Kolejna próba od lutego.Dam radę na pewno.

Odchudzanie się w okresie dojrzewania jest niezdrowe. ;x
i odezwała się ta, którą Bóg obdarzył idealną figurą ;>

dobra, ja też się do was przyłączam.
jak będę zapisywać to na necie, a nie tylko w dzienniku, to będzie większa motywacja.
a więc.
dzisiaj ważyłam 60,5 kg (na wzrost 166) i jak nie schudnę do 55 kg, to nie wychodzę w wakacje z domu.
zobaczymy jutro ;x
Ćwiczyć, ćwiczyć...
Ja czytałam dziś pełno informacji i można schudnąć nawet w cztery dni 7 kilo...ale to już chyba naprawdę by było nie zdrowe, mi wystarczy w ten tydzień 3-4 :D
a ja jestem na diecie od 2 stycznia i schudłam 4 kg:D
ja postarałam się ograniczyć słodkie. całkowicie mi się nie udało zaprzestać ich jedzenia. ;C
staram się wszędzie chodzić pieszo.
no i czekam na wiosnęę ;3 bo wtedy rozpoczyna się nasz sezon rowerowy! ;D
ja jednak zaczelam dopiero od dzis...
bo wczesniej bylam chora...i musialam normalnie jesc....:)
a od dzis zero slodyczy...
ok 5 posilkow dziennie,
nic po 19,
ok. 50brzuszkow
ok 20przysiadow
ok. 30min. na rowerku
10 dzień diety.
Zgubionych: 3 kg.
Ja dopiero zaczynam 4dzień diety...:)
Nie jem słodyczy...he
dziwie sie jak ja wytrzymuje^^
wszyscy zaczynają to i ja:)
cwiczenia+ogranicznie jedzenia bardziej kalorycznych rzeczy:)

Mam pytanko a ile macie wzrostu i ile teraz ważycie
trzeci dzien diety, z tym ze moja dieta jest inna i wpieprzam wszystko na co mam ochote ;D

Mam pytanko a ile macie wzrostu i ile teraz ważycie
175 cm, koło 62 kg.
hmm. pije dużo wody mineralnej, ograniczyłam słodycze, pije herbatę zieloną.
jem 3 posiłki dziennie.
a ćwiczenia:
tak ok. południa 50 brzuszków x3 (czyli 50 brzuszków, pięć sekund przerwy, 50 brzuszków, znowu pięć sekund przerwy i znowu 50 brzuszków. ; D)
i to samo wieczorem.
czyli dziennie razem 300 brzuszków.
wiadomo jakieś jeszcze ćwiczenia coś z tego: klik.

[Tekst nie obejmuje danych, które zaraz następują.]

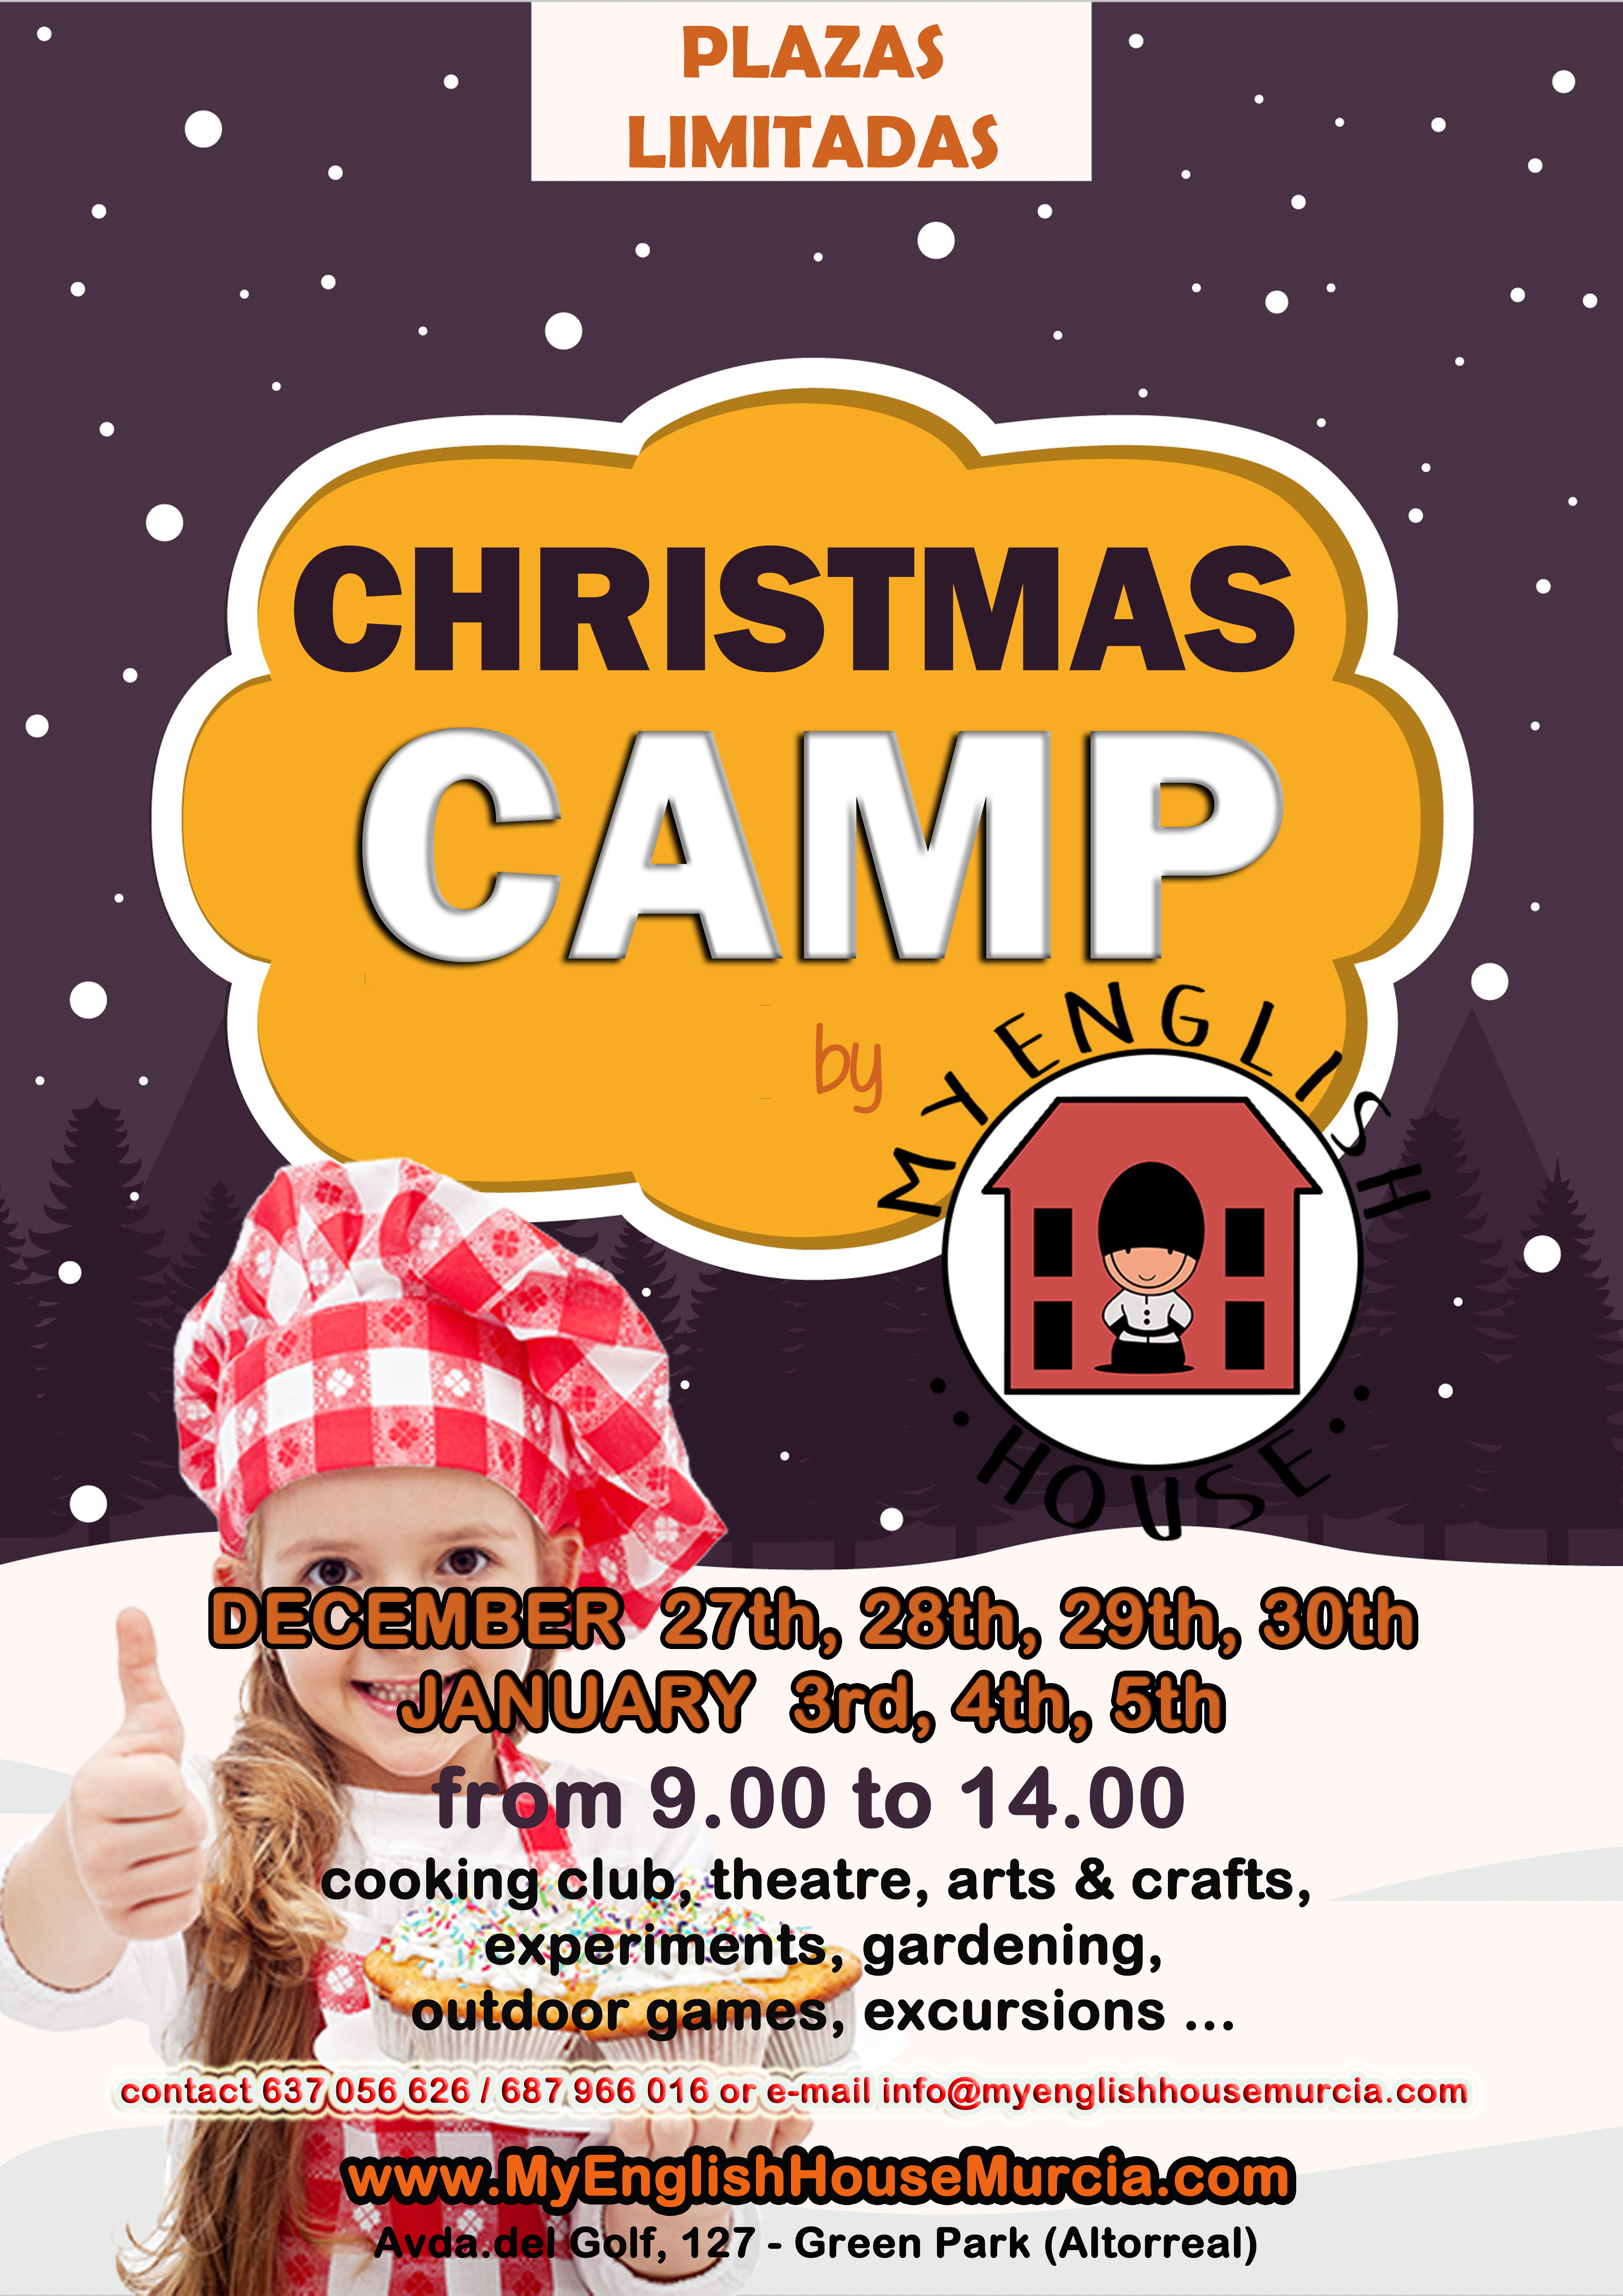 Are You Ready For The Best Christmas Camp!!?

zobaczymy efekty po jakichś dwóch tygodniach. ; D

Mam pytanko a ile macie wzrostu i ile teraz ważycie

169 cm, 53 kg.
Zaczynam dopiero od dzisiaj. Tym razem się uda!

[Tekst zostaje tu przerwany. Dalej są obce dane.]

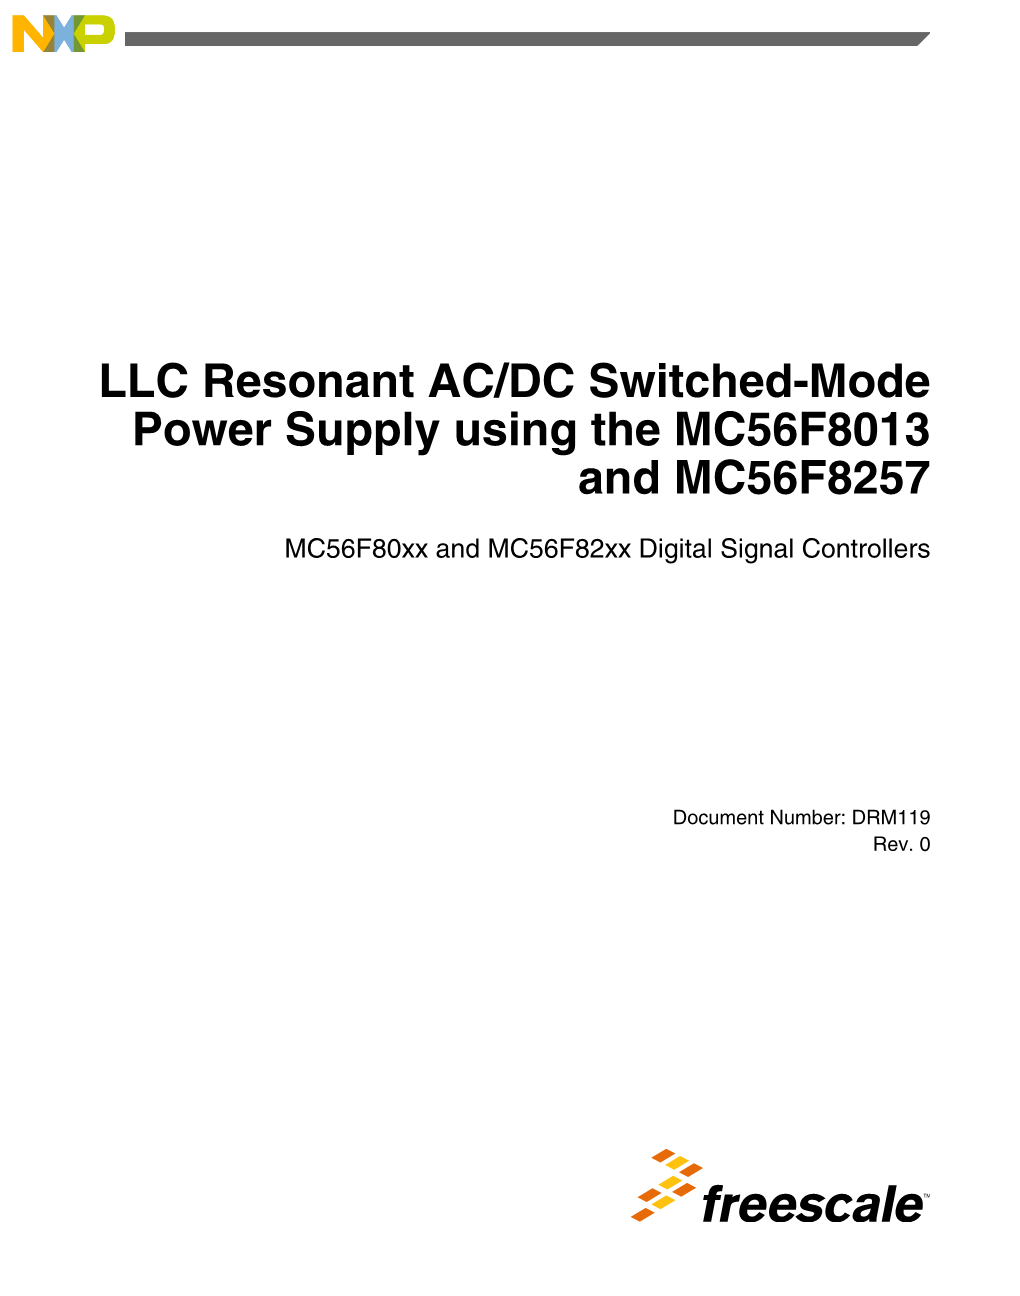 DRM119, LLC Resonant AC/DC Switched-Mode Power Supply

Mam pytanko a ile macie wzrostu i ile teraz ważycie
173cm 53kg

165, 55 kg. ;xx
ale i tak schudłam 2! ;dd


ahahhahahaa, wymiatam!! ;DD

ważę 51. ; dddd <jupi>!! dociągne do 45 i koniec. uff.
i nie mówcie mi, że jestem chuda - mam 11 lat, a ta waga to.. uh -,-

o wiele mniej jem. jak mam ochotę na jakąś przekąskę - sięgam po jabłko, marchewkę albo coś takiego. dziennie po 100 brzuszków, może nawet więcej, 30 skłonów na bok, do przodu. 20 przysiadów. ograniczam słodycze i pieczywa białe. różne kaloryczne rzeczy również. przykładam się do WFu, gram w siatkówkę, tańcze. jest okej ;)

165, 57 kg. ;xx
ale i tak schudłam 2! ;dd


Luduu!
Z czego ty masz chudnąć?
Ja mam z 154 i waże 56!
od jutra opanowuję się i biorę się za siebie, to już postanowione.

173, 50/51 kg.
(tak mam na karteczce z badań napisane).
Dziś zważyłam się chyba pierwszy raz od 2-3 miesięcy.
Ważę 51 kg do wzrostu 164 cm.
Od dziś lekkie odchudzanie.

Ważę 51 kg do wzrostu 164 cm.
Miałam zacząć od stycznia, nei wyszło.
Od początku lutego, nie wyszło.
Zaczynam od poniedziałku, stopniowo.
Mniejsze porcje, częściej.

Mam 175 i waże 54 kg.
Chce zejść do 48/50 kg tak jak było we wrześniu.
Wykonalne, przynajmniej w moim wypadku.

Mam przez was jeszcze wieksze kompleksy. ;c
eej, daj spokój.

ale Wy jesteście zryte, takie chudzielce się odchudzają XD
to ja mam 160, ważę 50 kg i uważam że jestem szczupła.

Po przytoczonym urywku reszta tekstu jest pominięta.